Already in the report of Bazett 7 it was recognized that the QT interval at comparable heart rates is usually of longer duration in females compared to males. In contrast, we observed no differences in QT interval measurements between males and females. The absence of such a difference in our study is compatible with the finding of Lehmann et al., 18 who also observed no clear gender differences in their subgroup with LQTS3.
In the present family, the QT interval on the resting ECG gave a good indication of the presence or absence of the genetic mutation but failed to ascertain the right diagnosis in all family members. Using only the resting ECG, roughly 10% of the carriers were incorrectly labeled as noncarrier (false‐negative) and also roughly 10% of the noncarriers were incorrectly labeled as carrier (false‐positive) of the mutant gene, irrespective of the formula used for heart rate correction of the QT interval. It is to be noted that patients in the present family were also characterized by changes in T‐wave morphology (like LQTS patients in general). 4 , 6 However, analysis of this phenomenon was beyond the scope of this study. Our data are in agreement with the previous finding by Vincent et al. 19 in other patient groups with LQTS that the value of the QT interval on the resting ECG is limited, in particular, regarding the possibility of false‐negatives. By contrast, analyses based on 24‐hour Holter ECG proved very accurate in this family. At heart rates of 60 beats/min or less, a prolonged QTc was thus almost pathognomonic for the genetic mutation, whereas the QTc interval calculated at the lowest heart rate using Bazett's formula actually provided full discrimination between carriers and noncarriers. Although in the exercise ECG differences in QT and QTc intervals between carriers and noncarriers remained statistically significant up to 140 beats/min, the diagnostic performance of the exercise ECG was limited in comparison with the resting ECG and Holter ECG. Still, the diagnostic performance of the Bazett formula was again at least as good as that of the other formulas.
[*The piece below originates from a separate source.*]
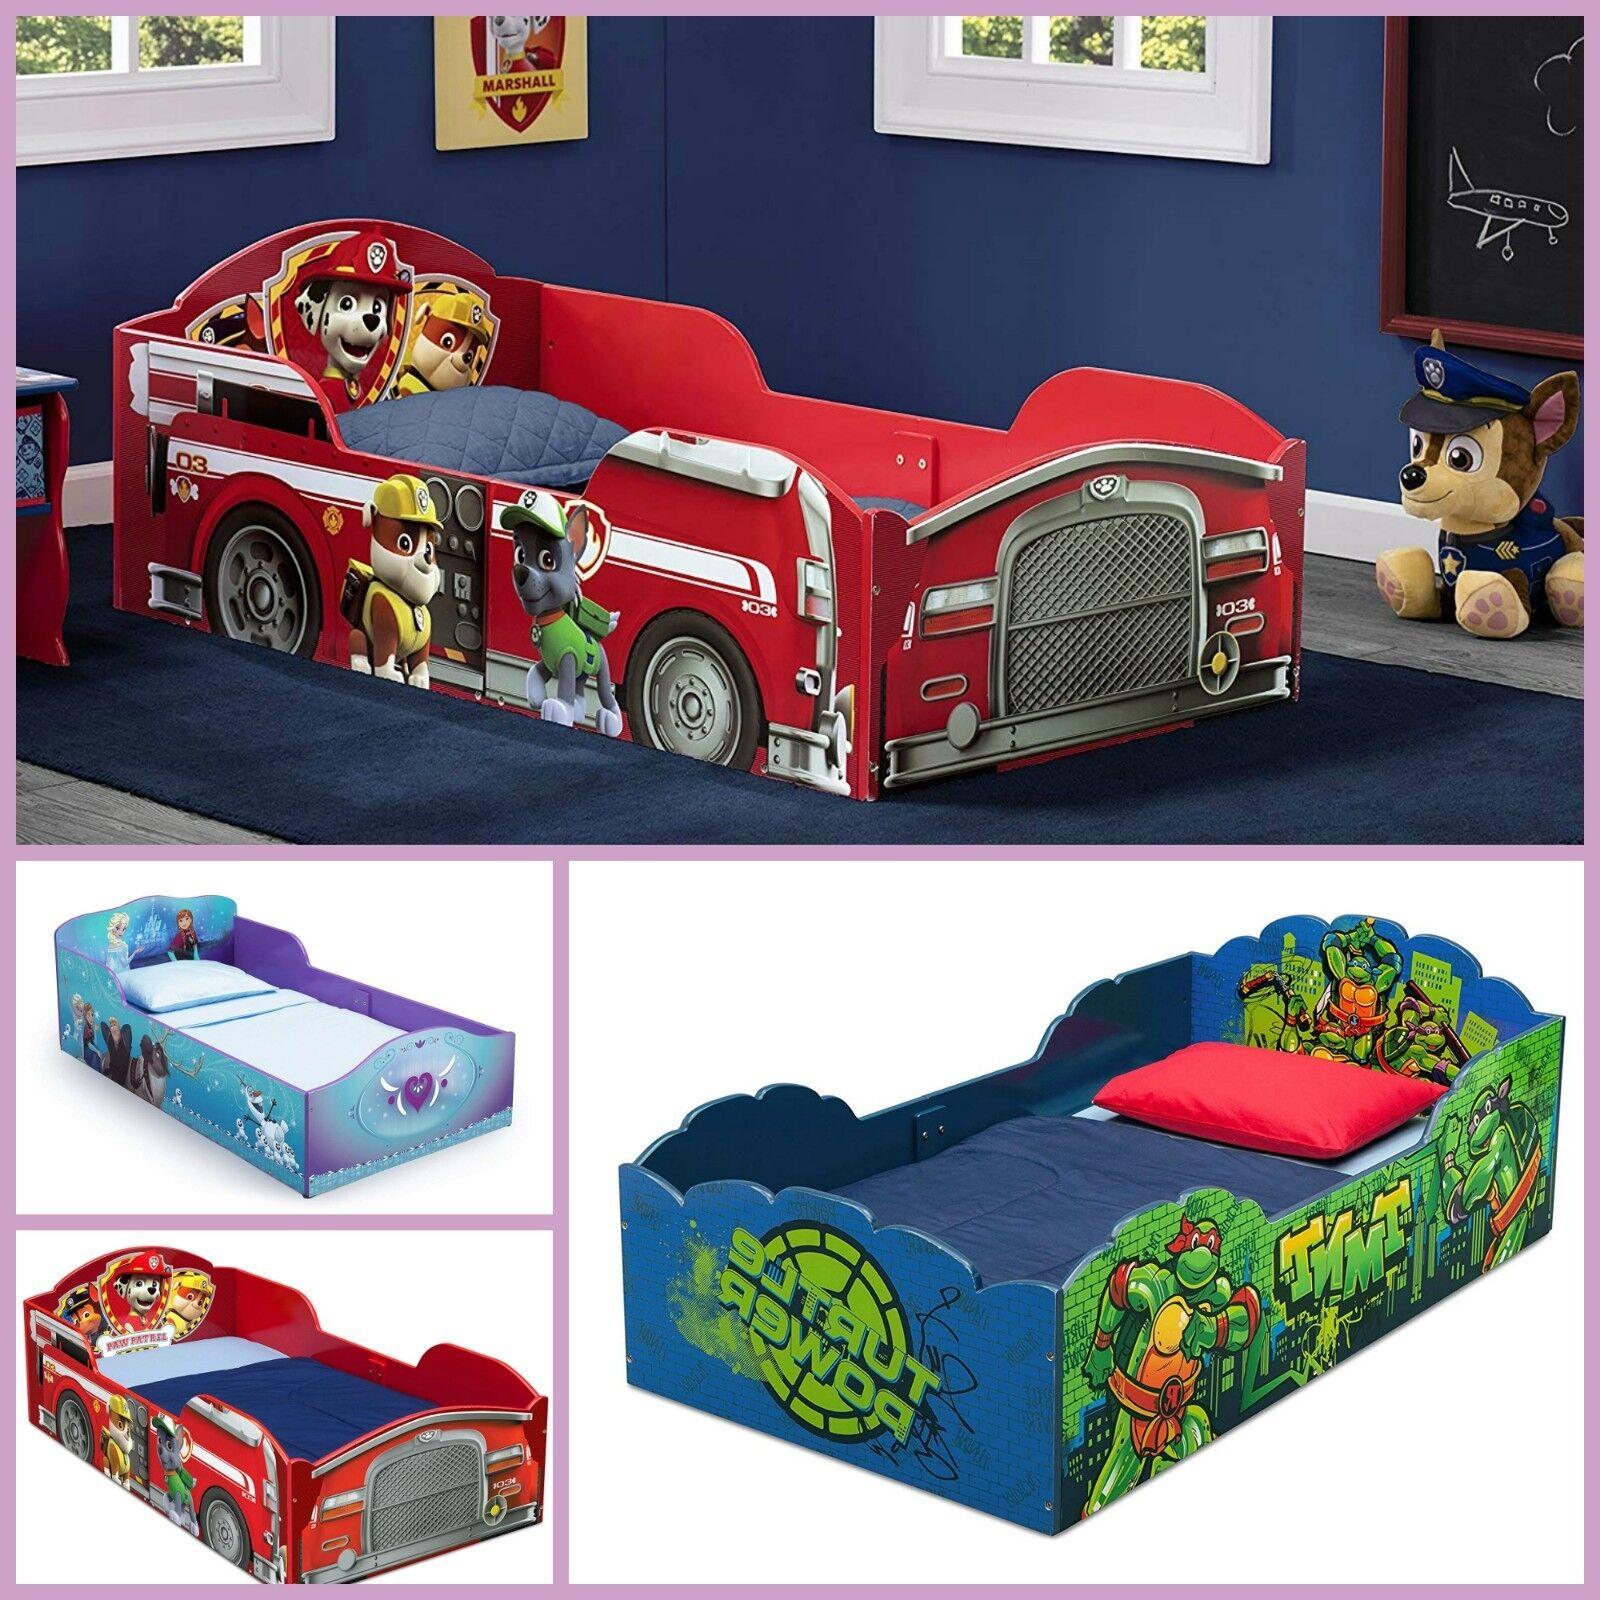 Wood Toddler Bed Mattress Kids Bedroom Furniture Disney Cars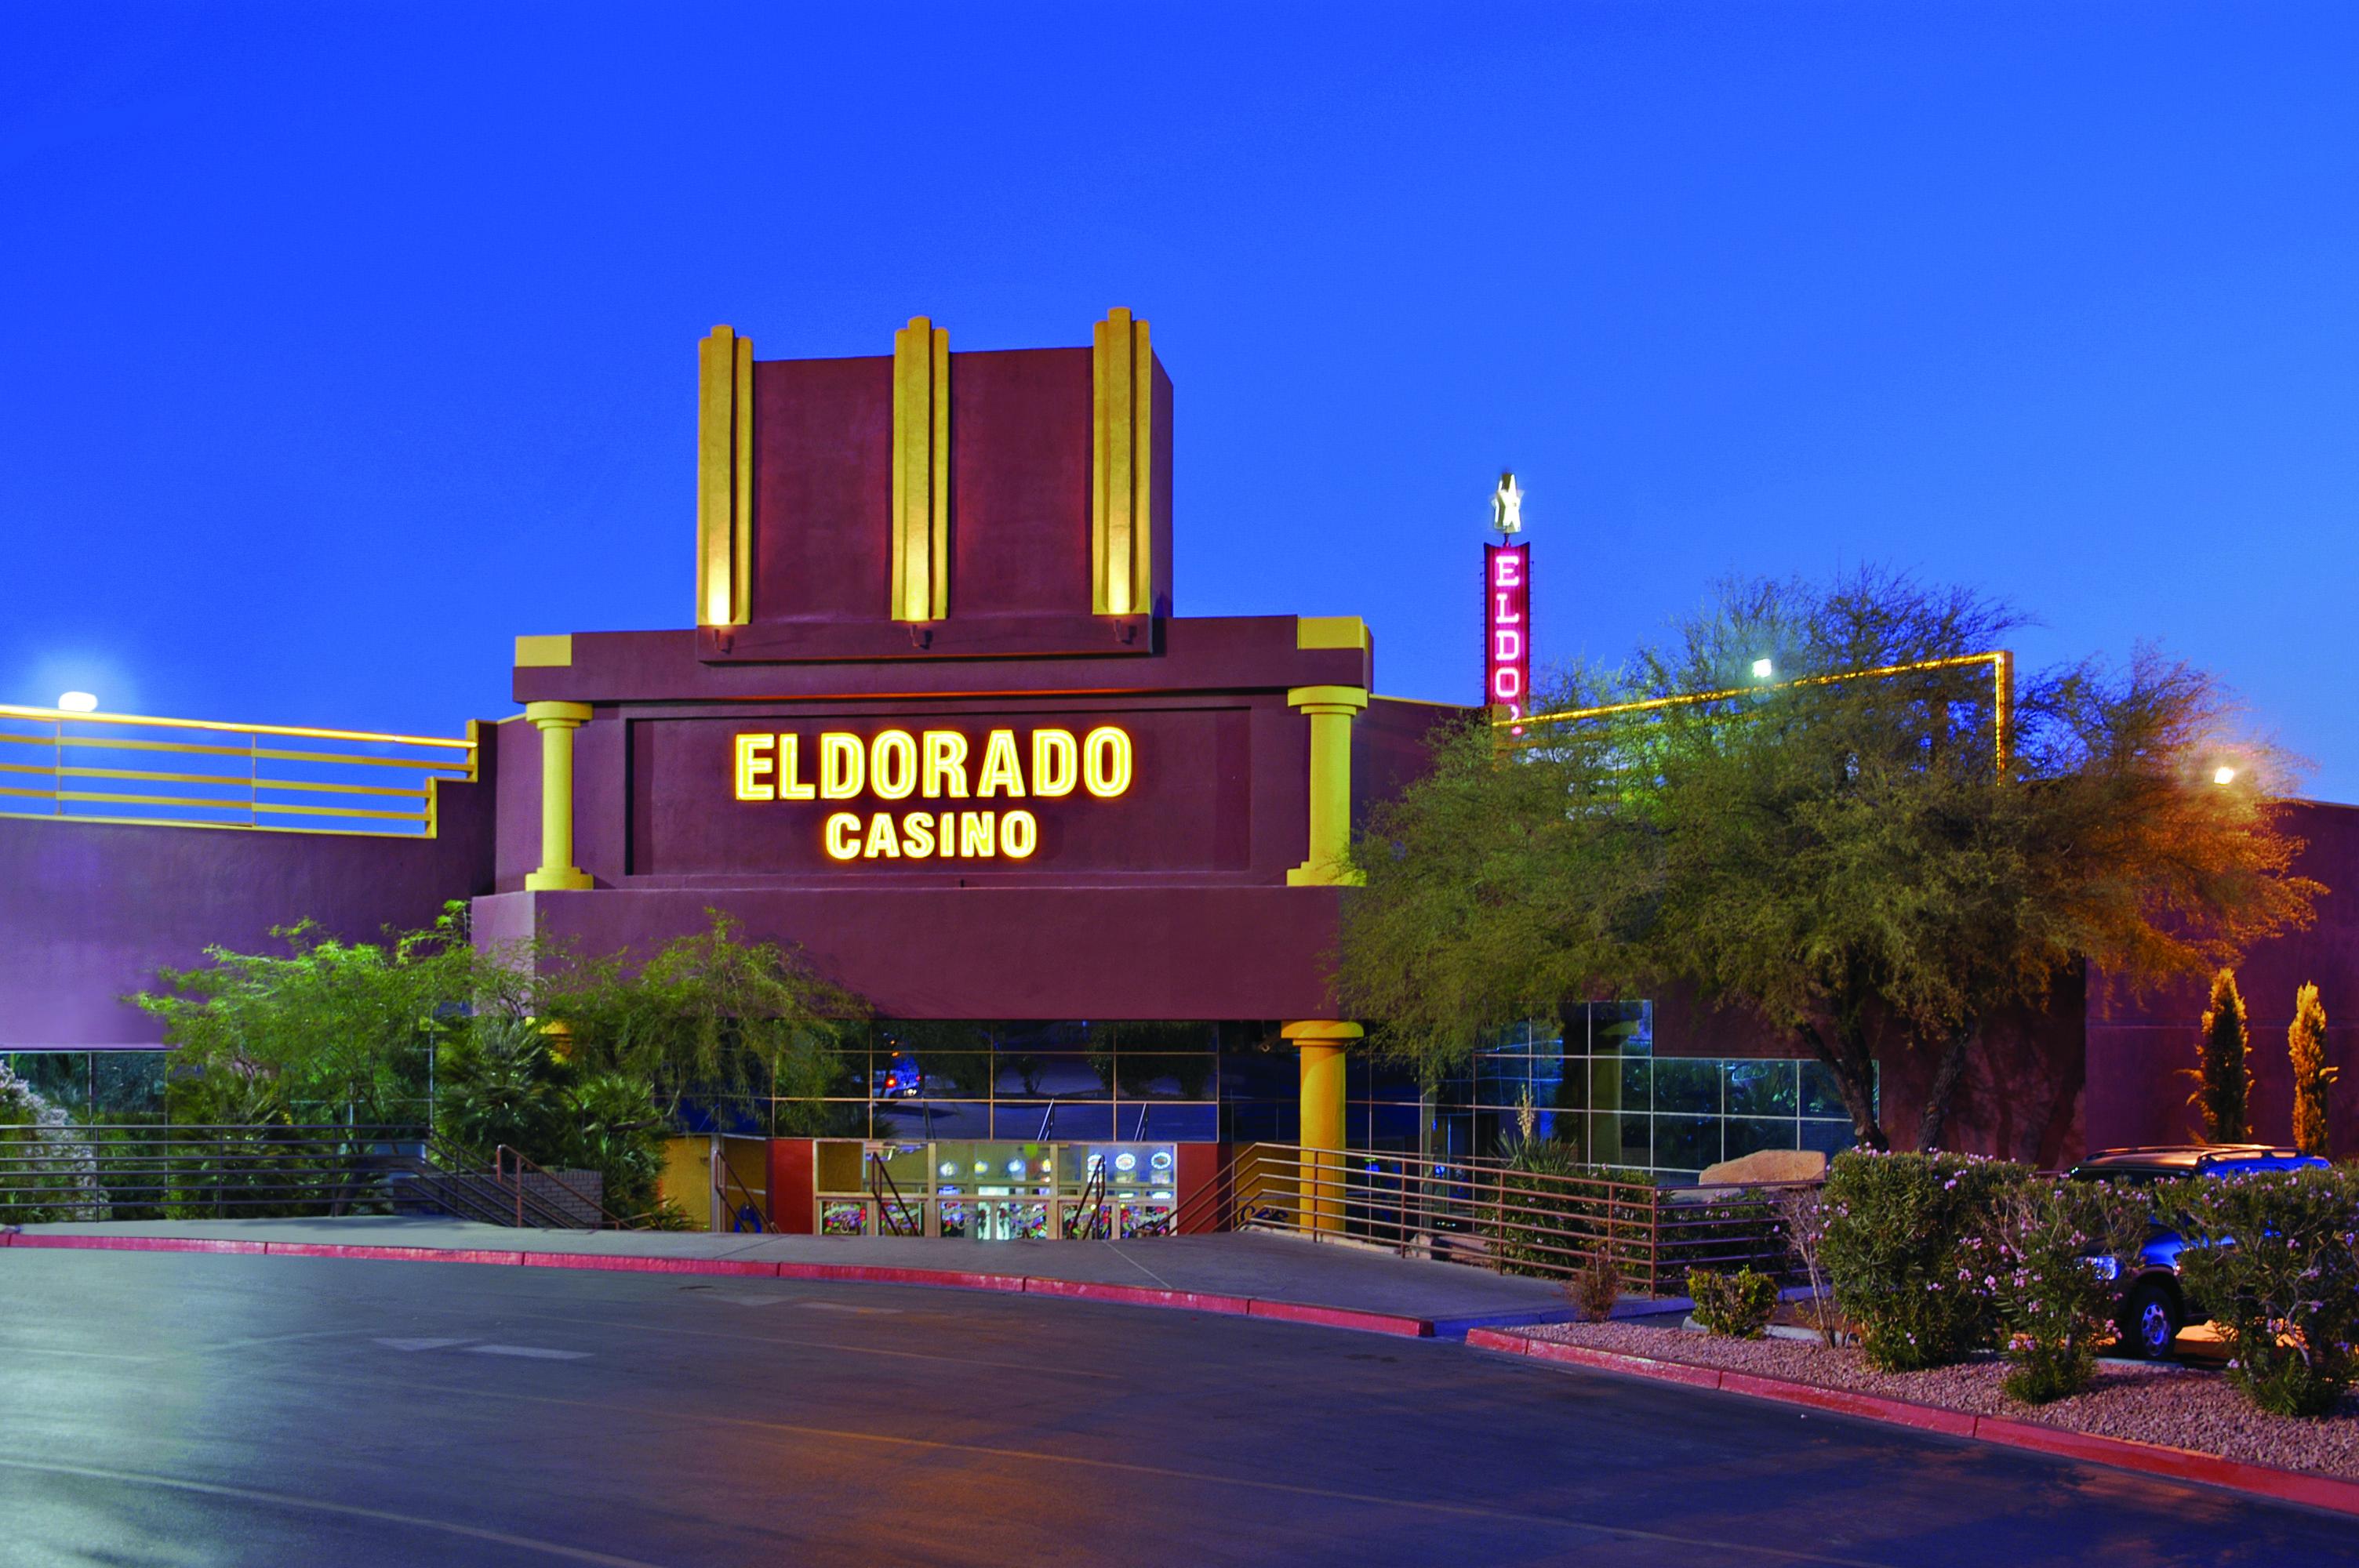 A casino at night

The observation that the optimal cut‐off value for QTc using Bazett's formula is higher than for the other QTc formulas may be explained by earlier observations that Bazett's formula leads to some overcorrection at higher heart rates and undercorrection at lower heart rates. Given the fact that for most observations in this study heart rate was higher than 60 bpm, on average some overcorrection is to be expected. As discussed above, this suboptimal correction of QT interval to heart rate apparently does not adversely influence diagnostic performance. Although it is clear that some form of correction of the QT interval to heart rate is important, one should view the magnitude of change induced by the various formulas in comparison with other well‐known sources of variation in the QT interval such as autonomic nervous system activity, posture, diurnal variations etc. 20 , 21 , 22
CONCLUSION
In this particular family, the QT interval on the resting ECG gave a good clue about the presence or absence of genetic mutation, but a 24‐hour Holter recording provided almost full discrimination. In addition, Bazett's formula was at least as good as other the formulas to correct the QT interval for heart rate. Whether these observations also apply to other forms of congenital LQTS (particularly those with relative QT prolongation at higher heart rates) or in acquired LQTS remains to be established. For the time being, Bazett's formula does not seem so bad after all.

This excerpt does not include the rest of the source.